Wie erklärt man die Faszination von Gewalt? Vielleicht so: "Ich war auch oft bei Demos. Und damals, in meinen frühen 20ern und auf Drogen, hat es mir immer dann besonders Spaß gemacht, wenn der Protest die Richtung verlor. Wenn es chaotisch wurde, ja, feindselig. Ich war fasziniert vom schwarzen Block, von den Kapuzen und Masken."

Ehepaar Perry/Russell bei einem Auftritt in Beverly im Jahre 2010 (Foto: AP)

Und wie erklärt man, dass man selbst dennoch friedlich blieb? "Ich hatte eine Mutter, die mich liebte, und einen Dad, der mir sagte, dass nichts unerreichbar ist, zudem ein Stipendium der Grafschaft Essex (um Schauspieler zu werden!) und einige andere Finanzhilfen für meinen Lebensunterhalt."

Beide Zitate standen am Freitag im britischen Guardian, als Teil eines drei Seiten langen Kommentars über die Motive der prügelnden Jugendlichen, die - versteckt hinter Kapuzen und Masken - das Königreich vergangene Woche heimgesucht hatten.

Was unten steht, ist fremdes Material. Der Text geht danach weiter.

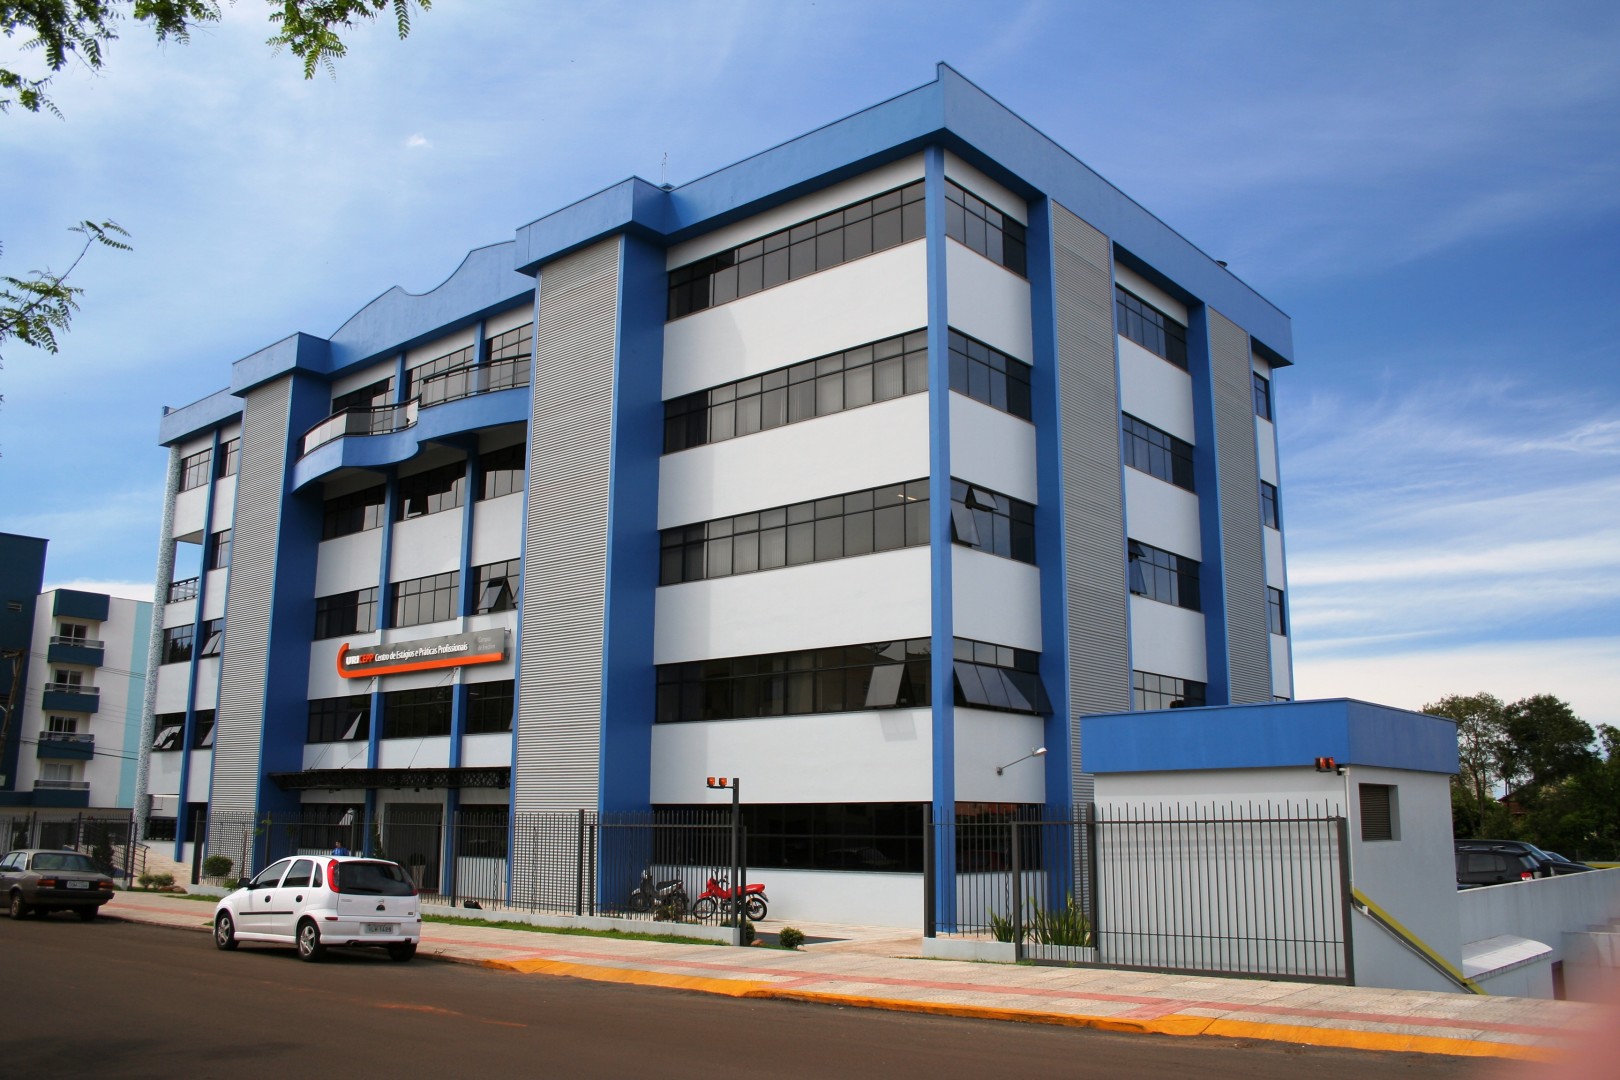 Clnica est localizada no URICEPP, na Rua Maranho

Der Autor beschreibt sich selbst als albernen Voyeur ohne Leidensdruck, dem es viel zu gut ging für Straßenkämpfe.

Die trugen und tragen jene aus, die keine privilegierte Erziehung, keinen Rückhalt in der Familie und vor allem "kein Geld und keine Möglichkeit, welches zu bekommen" haben. Sportgeschäfte seien "vermutlich einfacher zu schänden, wenn man sich die Sachen dort nicht leisten kann und die wenigen schlecht bezahlten Arbeitsplätze dort besetzt sind".

Der Name des Autors war so ungewöhnlich wie der Tonfall seines Artikels, der persönlicher und nachvollziehbarer war als vieles andere, was sonst zum Thema geschrieben worden war: Russell Brand. Der schlaksige Schauspieler ist den meisten bestenfalls aus den Klatschspalten bekannt - als Ehemann der Sängerin Katy Perry, der vor Kameras gerne wirr und anstößig daherredet. Oder als Hollywood-Schauspieler, der in der Komödie "Get him to he Greek" die Hauptrolle bekam. Dass er aber, wenn er will, etwas zu sagen hat, wussten wohl die wenigsten.

Als Brand das erste Mal im Jahr 2000 als MTV-Moderator auf sich aufmerksam machte, mussten die englischen Boulevard-Zeitungen gar nicht in seiner Vergangenheit schnüffeln, um den metrosexuell anmutenden Provokateur porträtieren zu können. Brand selbst rieb seine Geschichte jedem unter die Nase, und wer seinen starken Essex-Akzent verstand, erfuhr noch das Privateste.

Spätestens seit dem Erfolg seiner Autobiographie "My Booky Wook" vor vier Jahren scheint alles über den selbsternannten Narziss aufgeschrieben, der noch nie etwas anderes gegoogelt haben will als seinen eigenen Namen. 43 Millionen Treffer werden derzeit in der britischen Version der Suchmaschine angezeigt.

Das ist das Zwanzigfache der Treffer für die Suche nach Grays, seinem Geburtsort, aber nur ein Fünftel der Suchergebnisse für Pop-Sängerin Katy Perry, seine Ehefrau. Zwischen diesen beiden Polen muss man suchen, will man das haarige Phänomen ergründen. Man findet eine Biographie so durchsetzt mit Traumata, dass die von ihm angesprochenen Privilegien kaum zu entdecken sind.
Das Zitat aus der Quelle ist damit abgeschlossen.